Tony Hoare and His Imprint on Computer Science

Had they included just one of Tony Hoare’s achievements, many scientific careers would be considered prestigious enough. His had a long list, unfortunately closed by his passing away at the age of 92 on March 5. There is no place to describe them all in detail in the present post. (A longer version appears on my personal blog, which includes a bibliography with over 30 entries.) A good summary of Hoare’s career, by Garfinkel and Spafford, is published on the CACM website.

Beyond the facts of this career, we must note at the outset that “Hoare contribution” also connotes an unmistakable style. In his Turing lecture, he stated that for him there was no clear delimitation between research and writing. Here for example is his explanation of the (profound) rule that he introduced for the axiomatics of recursion:

The solution to the infinite regress is simple and dramatic: to permit the use of the desired conclusion as a hypothesis in the proof of the body itself. Thus we are permitted to prove that the procedure body possesses a property, on the assumption that every recursive call possesses that property, and then to assert categorically that every call, recursive or otherwise, has that property. This assumption of what we want to prove before embarking on the proof explains well the aura of magic which attends a programmer’s first introduction to recursive programming.

Who else writes like this? Style is the defining characteristic of Hoare’s work, not just writing style but scientific style, always elegant and focused on what truly matters.
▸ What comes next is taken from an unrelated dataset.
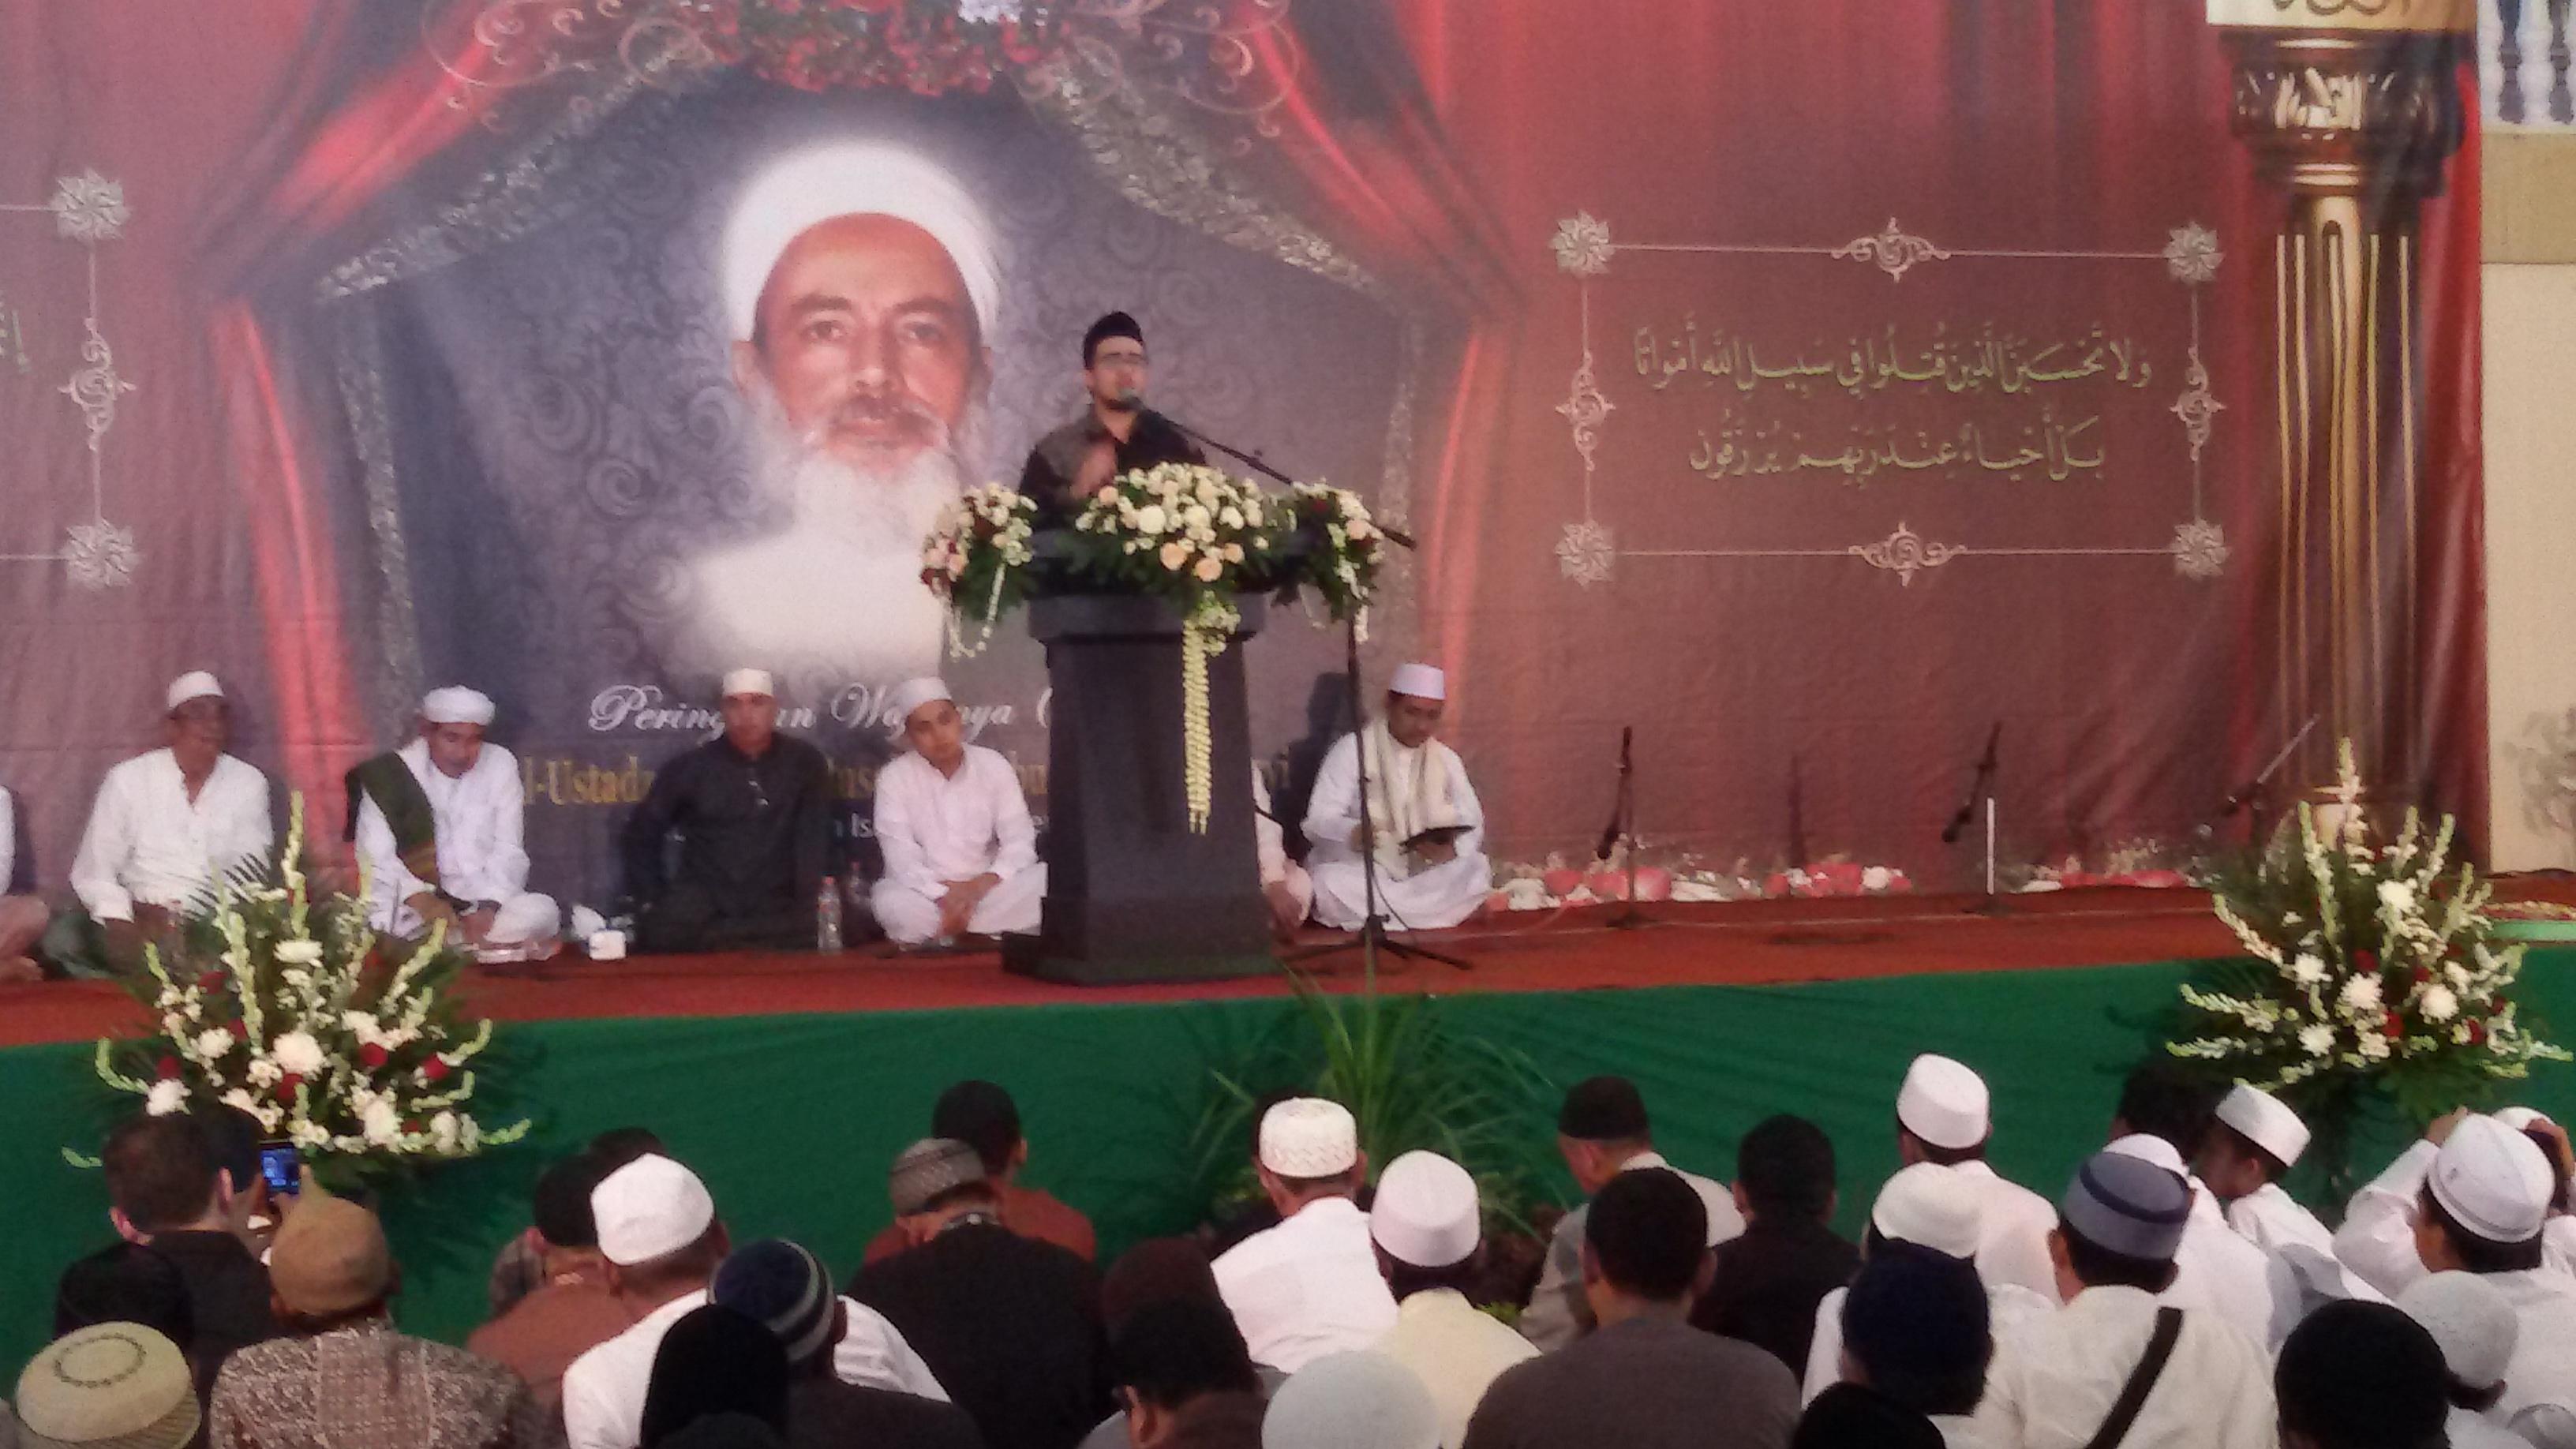 Mengenang Ustad Husein Al Habsyi: Ulama Kharismatik Teladan Ukhuwah dari Jatim
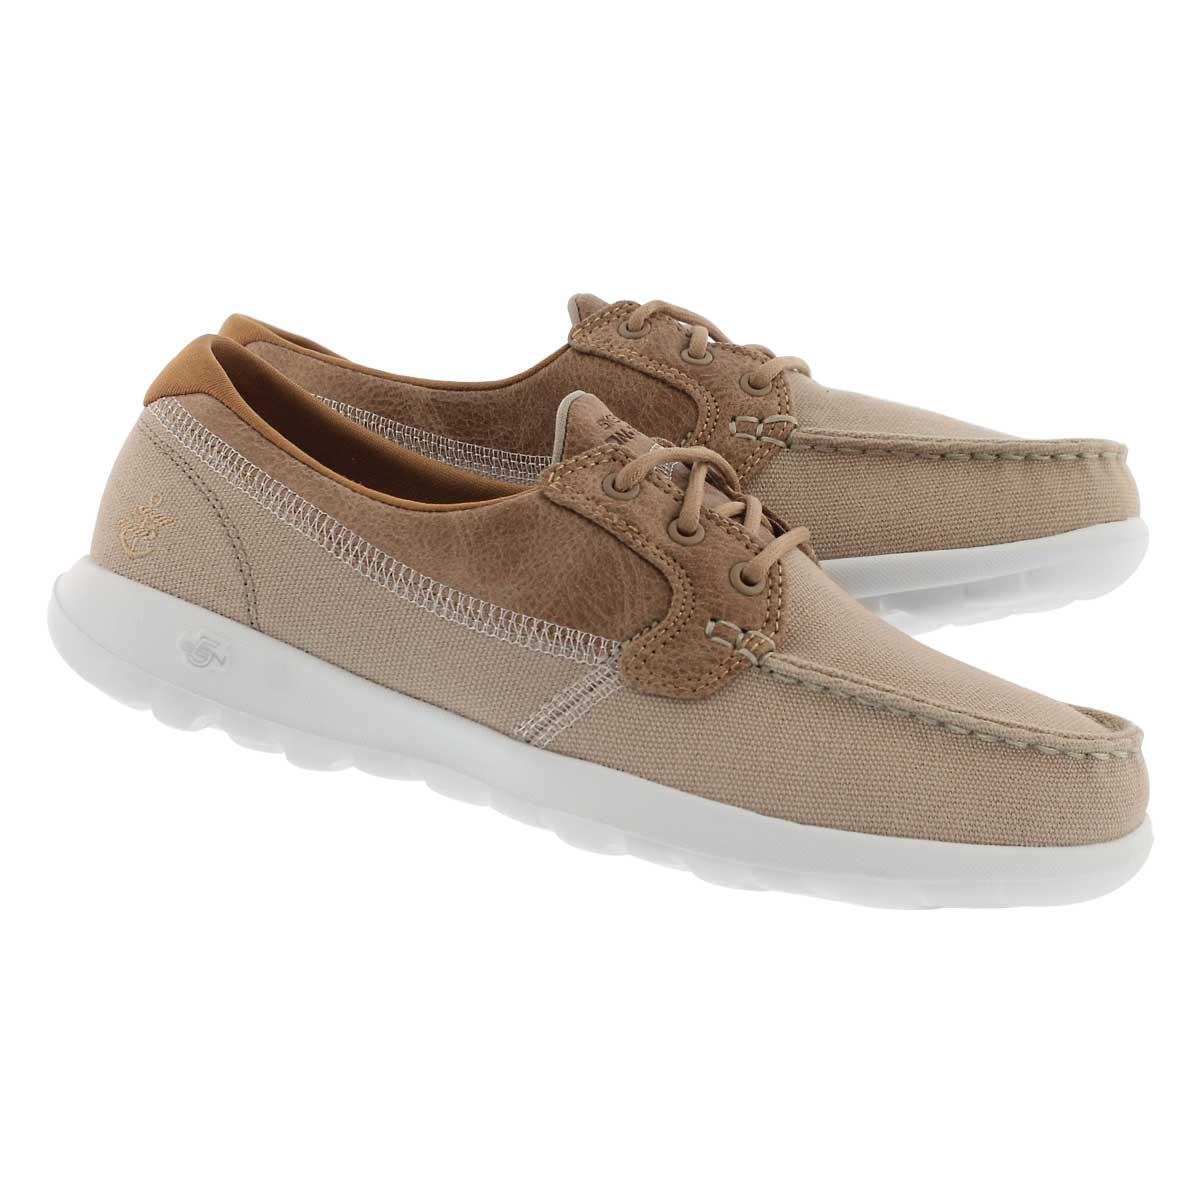 Chaussures bateau GO WALK LITE, naturel, femmes

To many, Hoare appeared as the quintessential computer science professor, and may have cultivated this image (I do not remember ever seeing him without a tie, or have any such photo, and the absence of a suit jacket on the boat above stands out as an exception); but this impression is in part misleading. He started his career as a programmer and manager in industry. The academic background he did have was unconventional: the classics at Oxford. He did not have a doctorate (other than the many honorary ones he gained later).

A Beautiful Algorithm and Its Beautiful Description

Hoare’s name burst into the computer science scene with the publication of a sorting algorithm used today in millions of programs, Quicksort. Quick because it can sort an array of n elements in time proportional in most cases to n log n, meaning “almost linear.”

Quicksort is based on the idea that a straightforward linear-time solution exists for a more limited problem, “partitioning”: reorganize the array so that smaller values appear first, followed by larger values. If we can do this, we have made a big step, since the two slices of the partition are, taken globally, at their definitive places in the future sorted array. And each has fewer elements than the original! It then suffices to repeat the process until we get slices of size 1 (or zero) and the array will be sorted.

How do we partition it? First, to define “smaller” and “larger,” we choose a value, the “pivot.” We start from the left of the array (where we eventually want only small elements) and move a cursor right, stopping when we find a large element. Symmetrically, we start another cursor from the right and move left, until we find a small element. If the cursors have crossed, we are done: the array is partitioned. If not, we swap the two out-of-place elements, and continue the process, both cursors picking up where they stopped. The time is linear since we examine each element just once (the cursors never go back).

To go from partition to a sorting algorithm it suffices, as noted, to apply it again to the slices. Quicksort came out at a time when Algol 60, whose influence was fundamental on Hoare as it was on many people at the time, had made recursion and exciting new tool. You can implement a Quicksort procedure by calling Partition then calling Quicksort recursively on each of the two resulting slices. For decades computer science courses have used Quicksort as an example of why recursion is useful. (Leslie Lamport noted more recently that recursion is an accidental rather than essential feature of Quicksort.)

Axiomatic Semantics

Right from the start of computing, it had been clear to many people that the effects of programs could be described mathematically. Hoare turned Floyd’s 1967 ideas into a full-fledged theory, giving birth to “axiomatic semantics,” also known nowadays as “Hoare logic.” The idea, based on the principles of mathematical logic, was brilliant: define a programming language as a mathematical theory to enable proving properties of any program in the language. The rules are defined in a completely formal way, meaning that they work mechanically on program texts. You can apply them blindly, or ask a computer program to apply them for you. In the following 50 years, program-proving systems have been built on the approach introduced by this paper and later refinements.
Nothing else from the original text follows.